Alternative Protection Options

Because the location of the trust's assets could be decisive in a tightly contested court struggle, an Asset Protection Trust is meant to have its most substantial tie to the state where the trust is formed—not the settlor's state of residence. As a result, it may be prudent to consider transferring some assets into an LLC on a case-by-case basis, such as stocks and cash accounts, valuable and dangerous commercial and recreational assets, real estate, and settlor businesses.

If a Wyoming domestic asset protection trust does not appear to be the appropriate fit for you, you have a number of additional options for safeguarding your personal assets. For example, LLCs are popular asset-protection vehicles, and Wyoming has a particularly advantageous statute in this regard. Foreign asset protection trusts, like DAPTs, have some distinct advantages.

There are alternative choices that aren't specifically designed for asset protection but provide more flexibility than DAPTs while still offering important security. A prominent example is a revocable living trust, which can fulfill both asset protection and estate planning goals.
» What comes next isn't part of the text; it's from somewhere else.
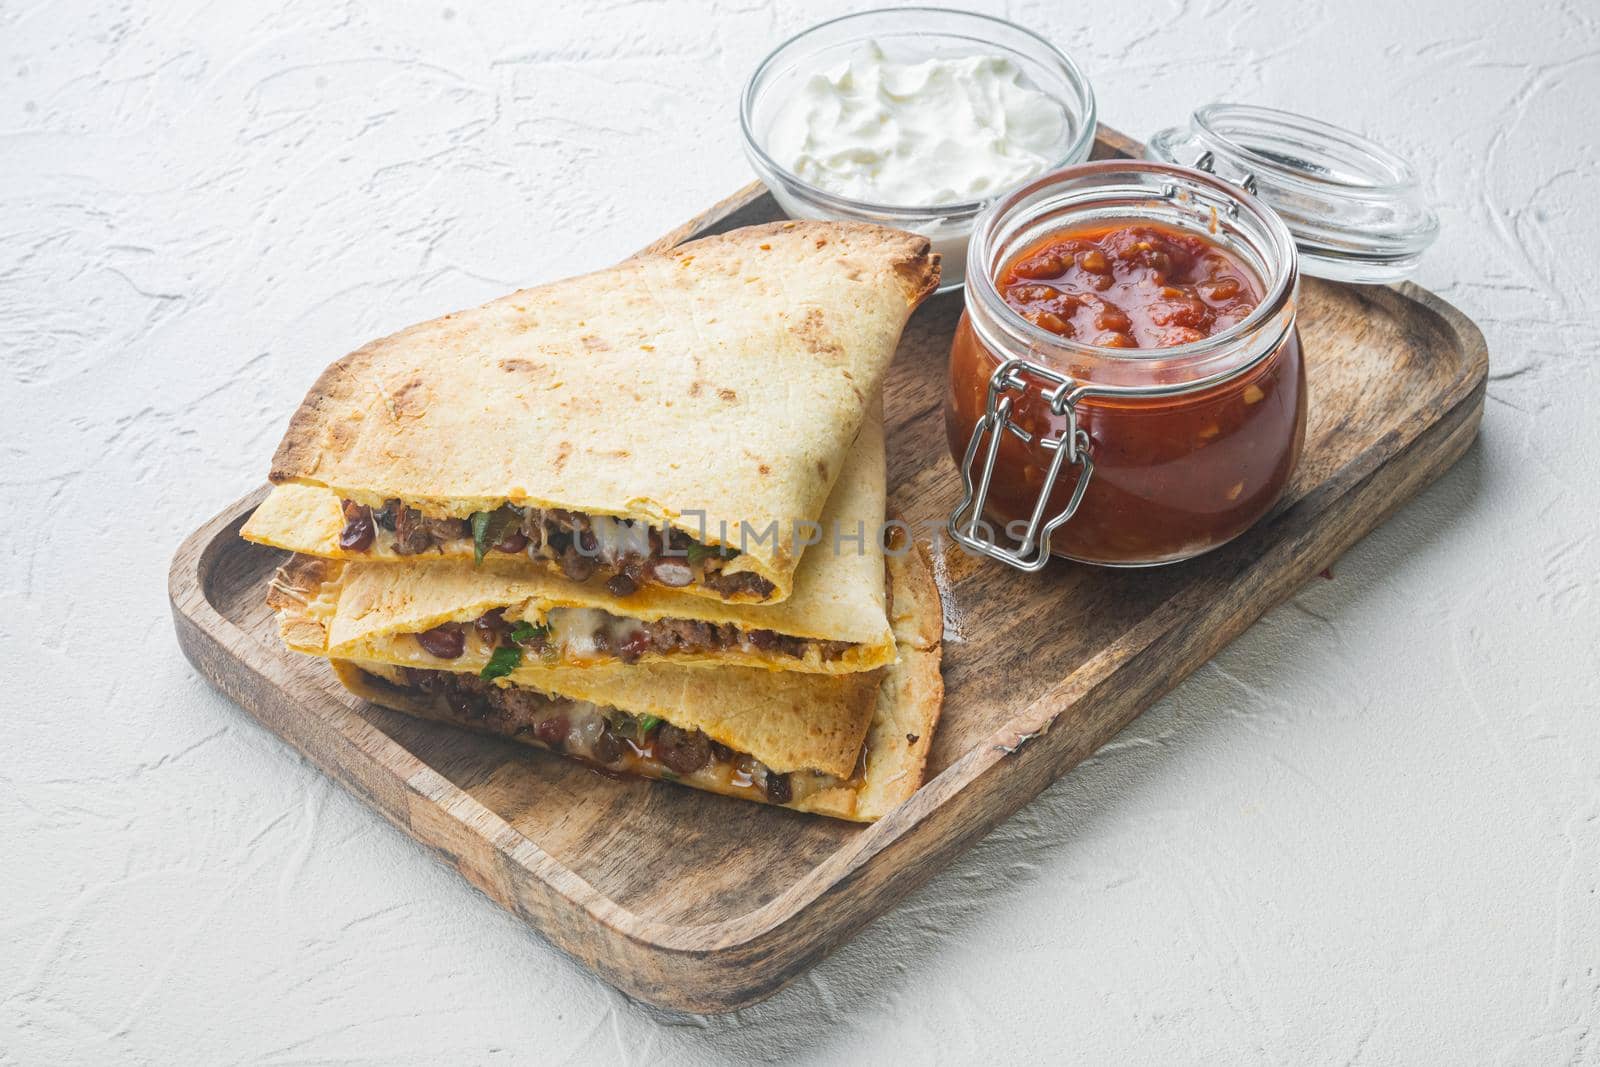 Quesadilla with chicken, cheese and peppers, on white background by Ilianesolenyi

Regardless of the technologies you employ, it's critical that your asset protection strategy integrates with your estate plan and provides both security and access.

Final Thought

A DAPT is not for everyone, but it is an excellent fit for a wealthy individual who is personally liable and at risk. It's a common technique for those in high-risk occupations to safeguard their own assets. You should get advice from professionals in the field to assess whether a Domestic Asset Protection Trust is right for you. As previously stated, Wyoming is a popular choice for domestic asset protection trusts.